此博客写的匆忙并且全为个人见解,错误之处请大家赶快指出。
linux内核rcu机制,是在多读线程和一个写线程并发情况下对指针的保户机制,多写并发需要加锁。
常应用于链表的数据操作中。
linux内核rculist.h是对链表带rcu保护机制操作函数的实现和封装,位于kernel/include/linux/ruclist.h
下面介绍rculist中的函数或宏
1、list_next
/*
* return the ->next pointer of a list_head in an rcu safe
* way, we must not access it directly
*/
#define list_next_rcu(list) (*((struct list_head __rcu **)(&(list)->next)))
此宏目的是获取list->next成员的地址
# define __rcu __attribute__((noderef, address_space(4))) 标示在地址空间4,并且地址有效
此宏是判断该地址是否有效
2、list_add
/**
* list_add_rcu - add a new entry to rcu-protected list
* @new: new entry to be added
* @head: list head to add it after
*
* Insert a new entry after the specified head.
* This is good for implementing stacks.
*
* The caller must take whatever precautions are necessary
* (such as holding appropriate locks) to avoid racing
* with another list-mutation primitive, such as list_add_rcu()
* or list_del_rcu(), running on this same list.

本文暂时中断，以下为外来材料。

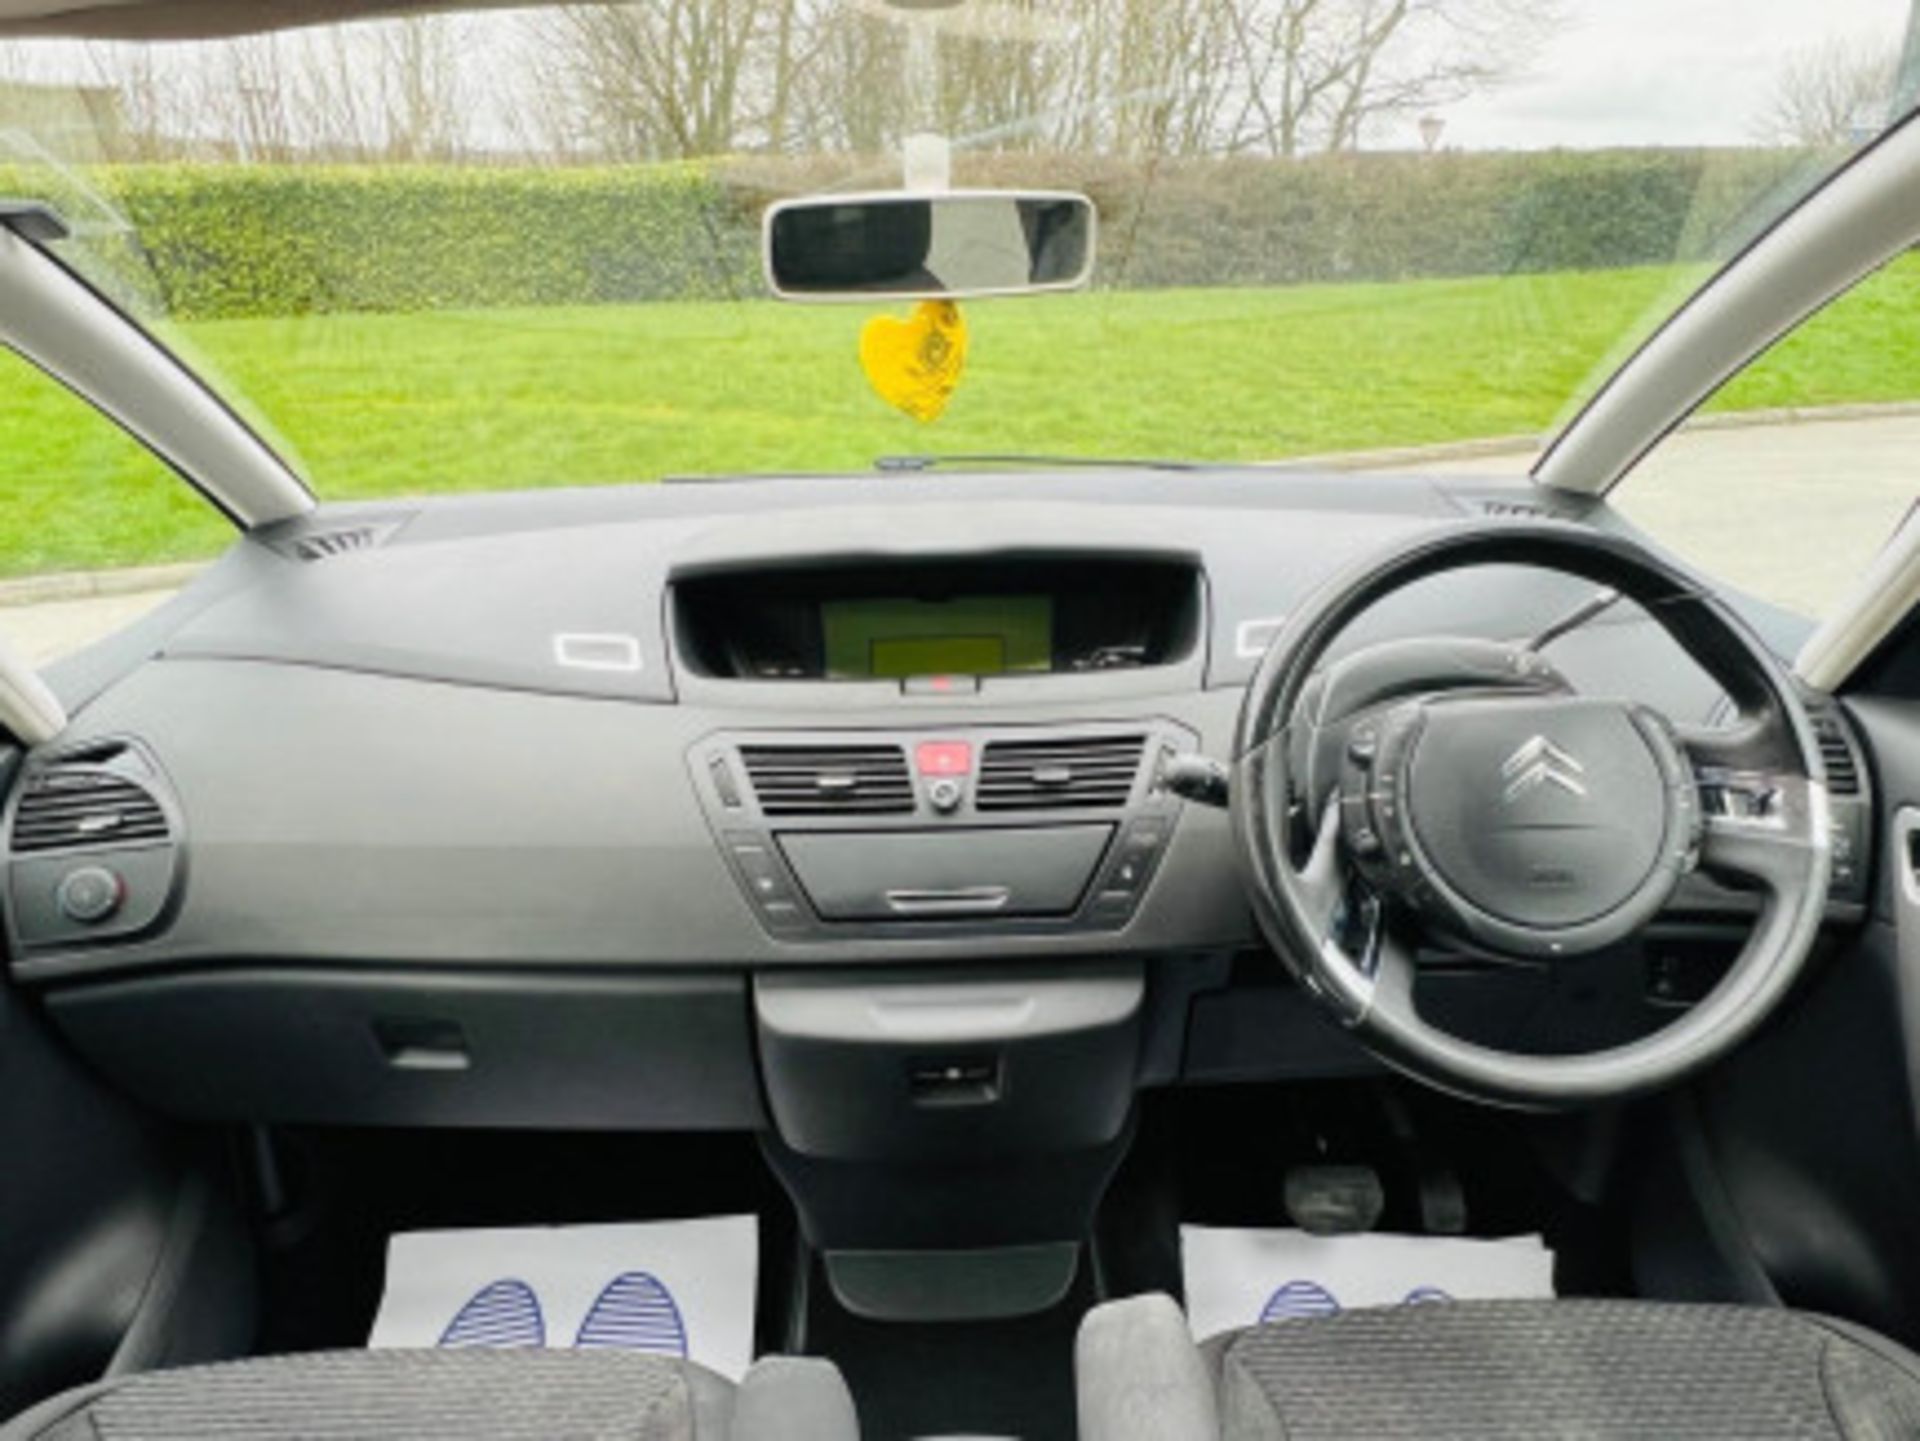 2009 CITROEN C4 PICASSO 1.6 HDI VTR+ EGS6 5DR >>--NO VAT ON HAMMER--<< - Image 16 of 123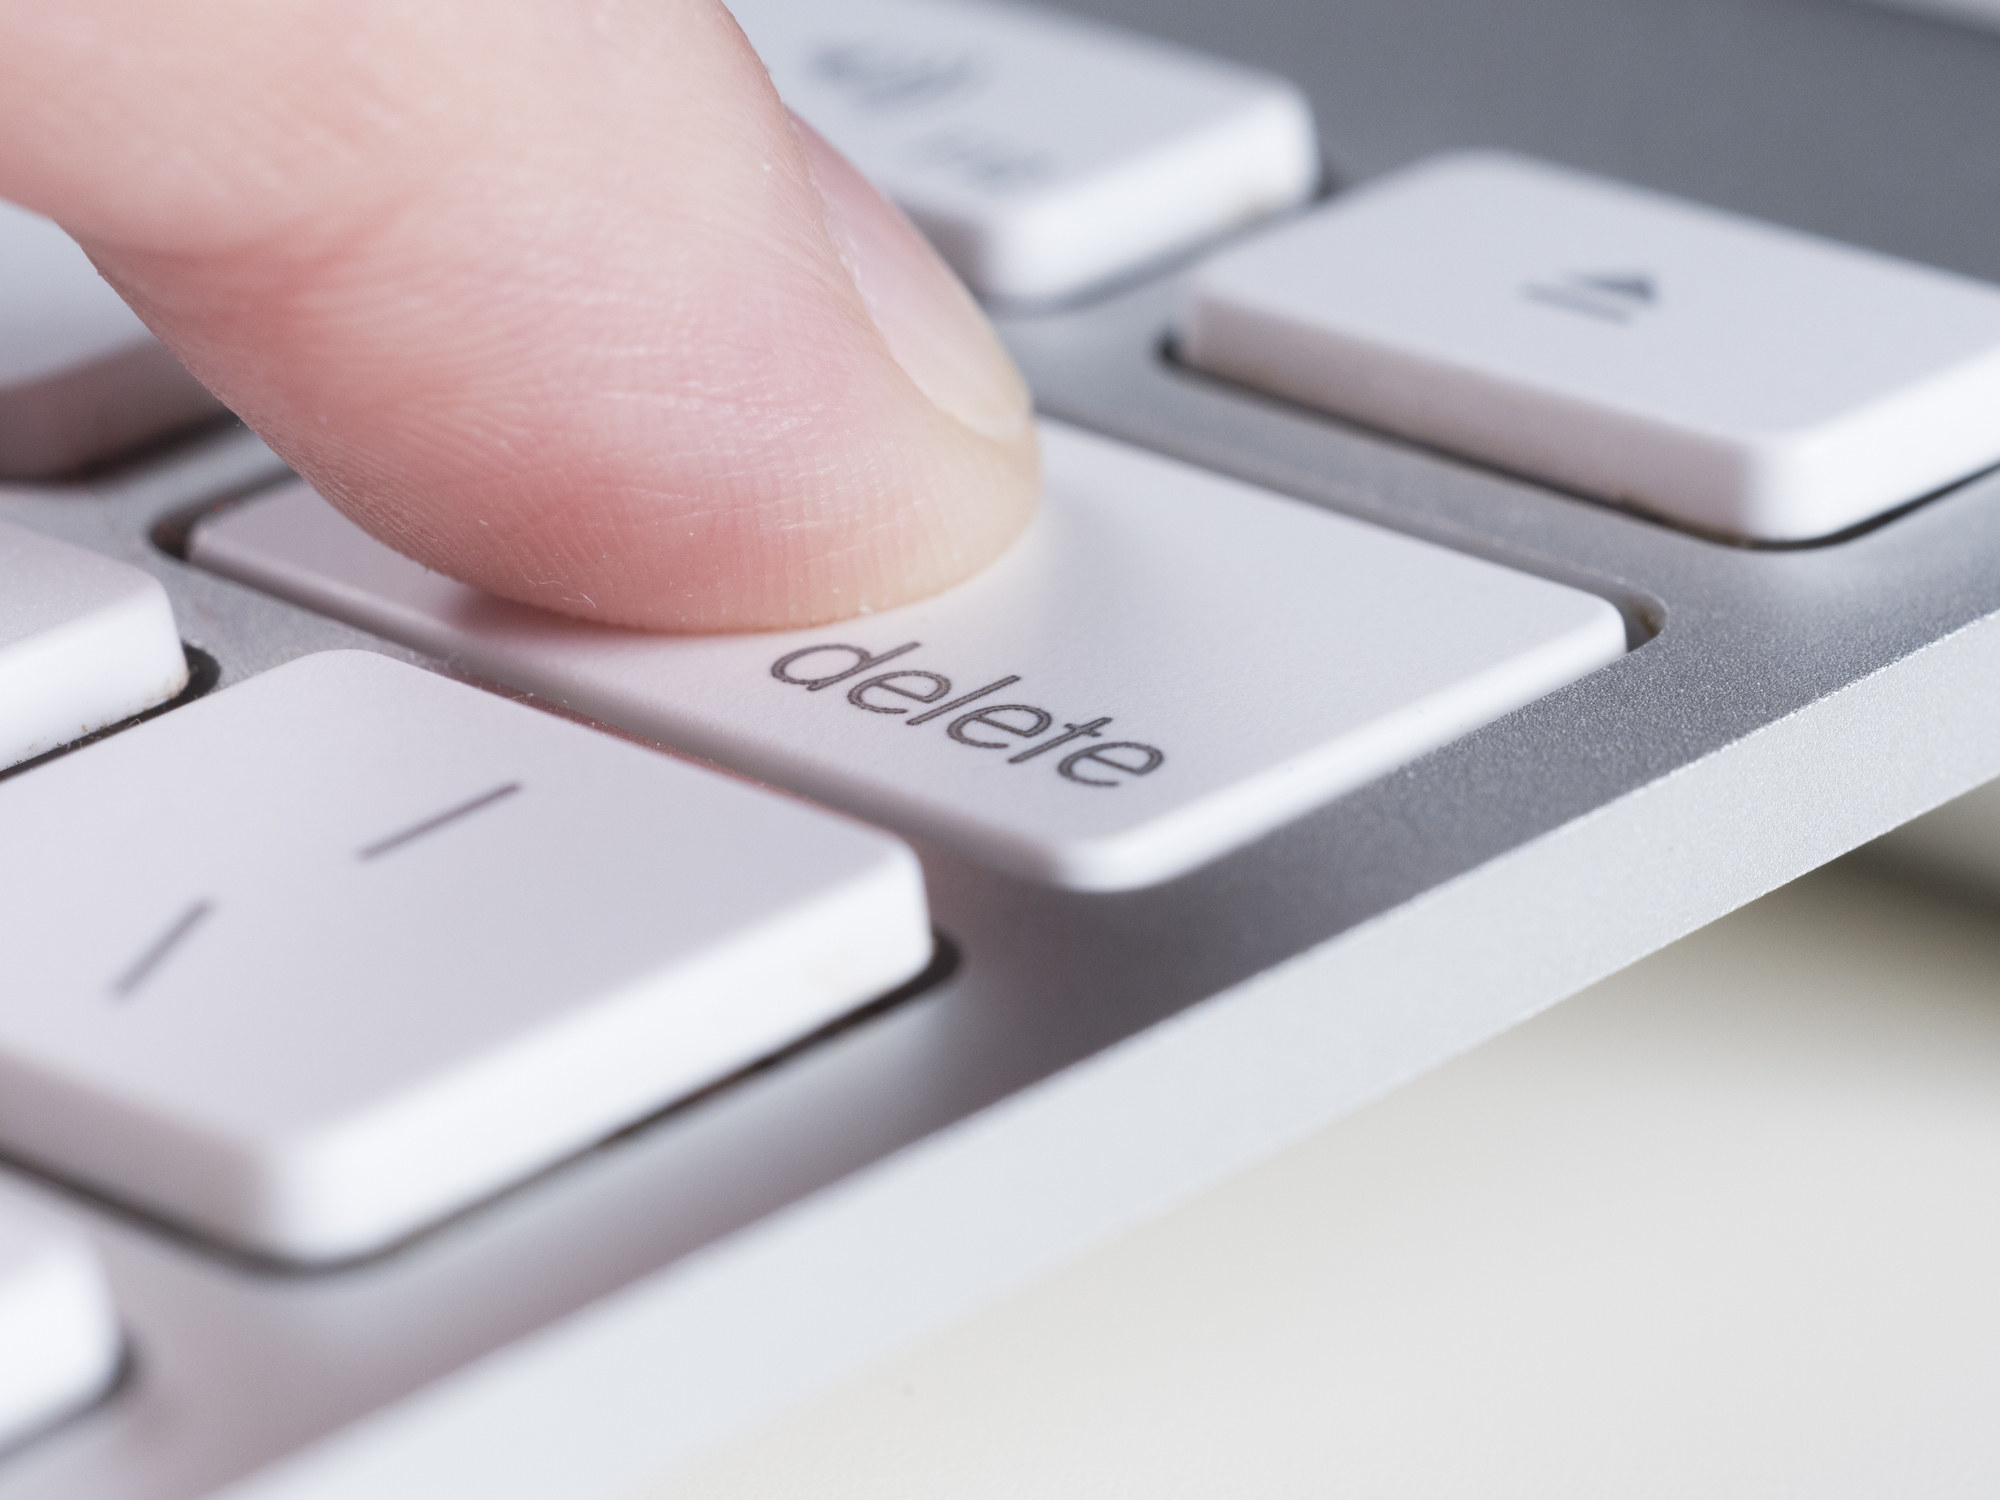 A finger presses the delete key on a computer

* However, it is perfectly legal to run concurrently with
* the _rcu list-traversal primitives, such as
* list_for_each_entry_rcu().
*/
static inline void list_add_rcu(struct list_head *new, struct list_head *head)
{
__list_add_rcu(new, head, head->next);
}
此函数是添加新条目到一个条目之后,是基于__list_add_rcu的上层函数。
/*
* Insert a new entry between two known consecutive entries.
*
* This is only for internal list manipulation where we know
* the prev/next entries already!
*/
static inline void __list_add_rcu(struct list_head *new,
struct list_head *prev, struct list_head *next)
{
new->next = next;
new->prev = prev;
rcu_assign_pointer(list_next_rcu(prev), new);
next->prev = new;
}
此函数添加一个新条目到两个条目之间
new->next = next;
new->prev = prev;
必须是先给新条目next、prev值,然后再修改旧next、prev条目值,这样让已经获取prev条目值的并发读遍历线程不会中断
rcu_assign_pointer(list_next_rcu(prev), new); 这是给rcu机制保护的指针赋值,list_next_rcu(prev)这是获取前条目的next地址,rcu_assign_pointer这是rcu的发布订阅机制,保证读线程要不就是获取前条目next的旧值,要不就是赋值完成后的新值,这个rcu保护机制是防止编译器优化时将语句顺序优化,从而导致读线程获取的地址是未赋值的或不完全的,出现错误,这个机制是通过smp内存屏障实现的,内存屏障保证指针的内存数据已经赋值完成。
3、/**
* list_add_tail_rcu - add a new entry to rcu-protected list
* @new: new entry to be added
* @head: list head to add it before
*
* Insert a new entry before the specified head.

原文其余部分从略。